Work order: From the listing below, reproduce exactly the lines starting with the one with "Givenchy Pandora Bag in Green | Lyst" and going on through the one with "Mini Massage Gun, NEPQ", both ends kept. No picture is copied.

Data:
Content starts
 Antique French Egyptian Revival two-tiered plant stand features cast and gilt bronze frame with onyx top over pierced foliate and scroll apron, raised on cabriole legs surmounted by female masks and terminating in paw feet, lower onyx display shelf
Content ends
Content starts
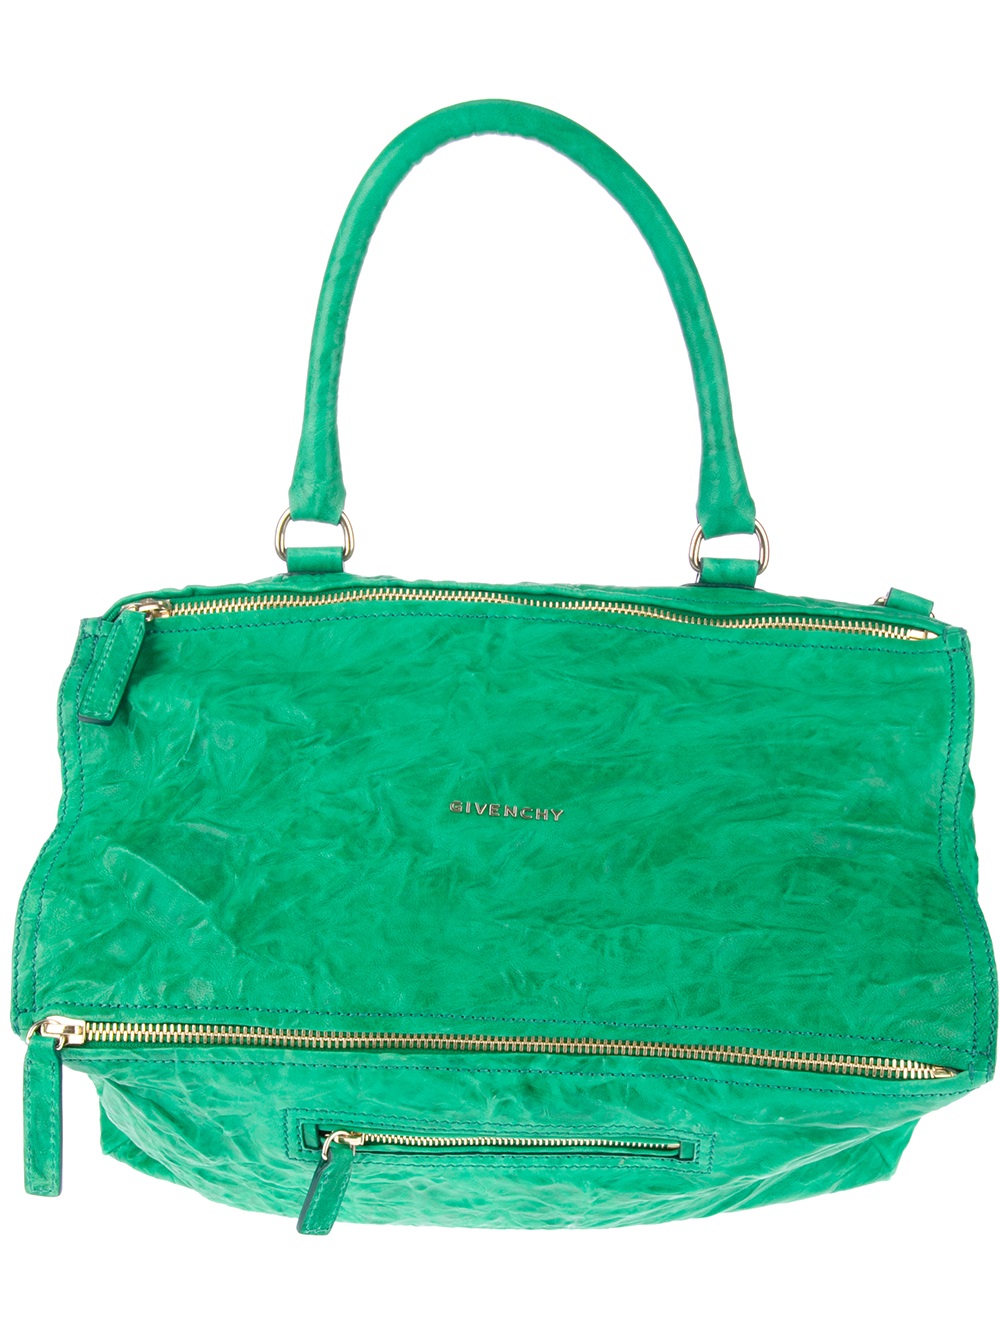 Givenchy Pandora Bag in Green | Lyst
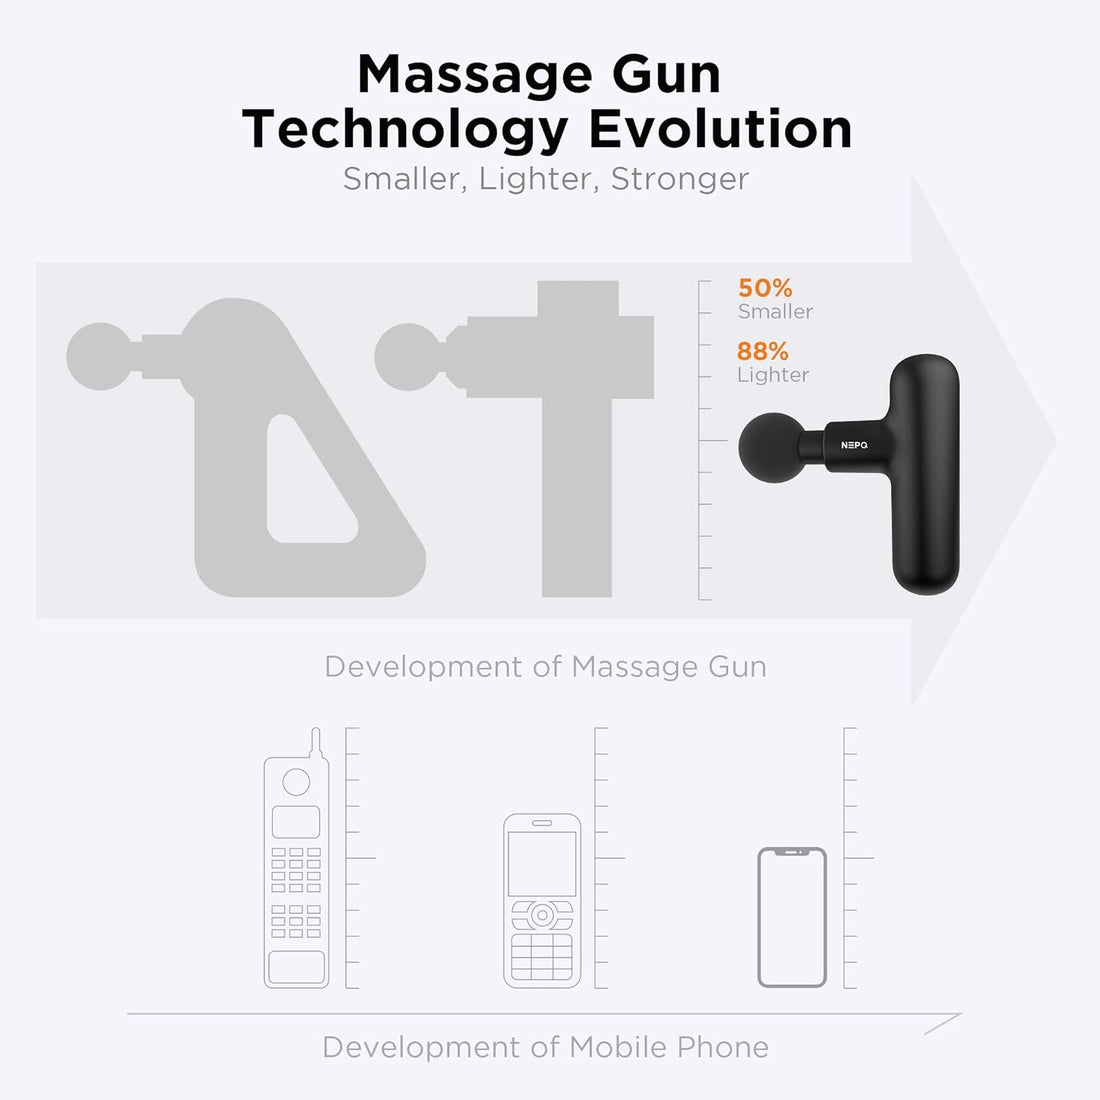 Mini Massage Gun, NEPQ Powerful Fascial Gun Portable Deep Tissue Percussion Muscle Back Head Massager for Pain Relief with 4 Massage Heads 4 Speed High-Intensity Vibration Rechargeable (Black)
Content ends
Your response:
 Givenchy Pandora Bag in Green | Lyst
 Mini Massage Gun, NEPQ Powerful Fascial Gun Portable Deep Tissue Percussion Muscle Back Head Massager for Pain Relief with 4 Massage Heads 4 Speed High-Intensity Vibration Rechargeable (Black)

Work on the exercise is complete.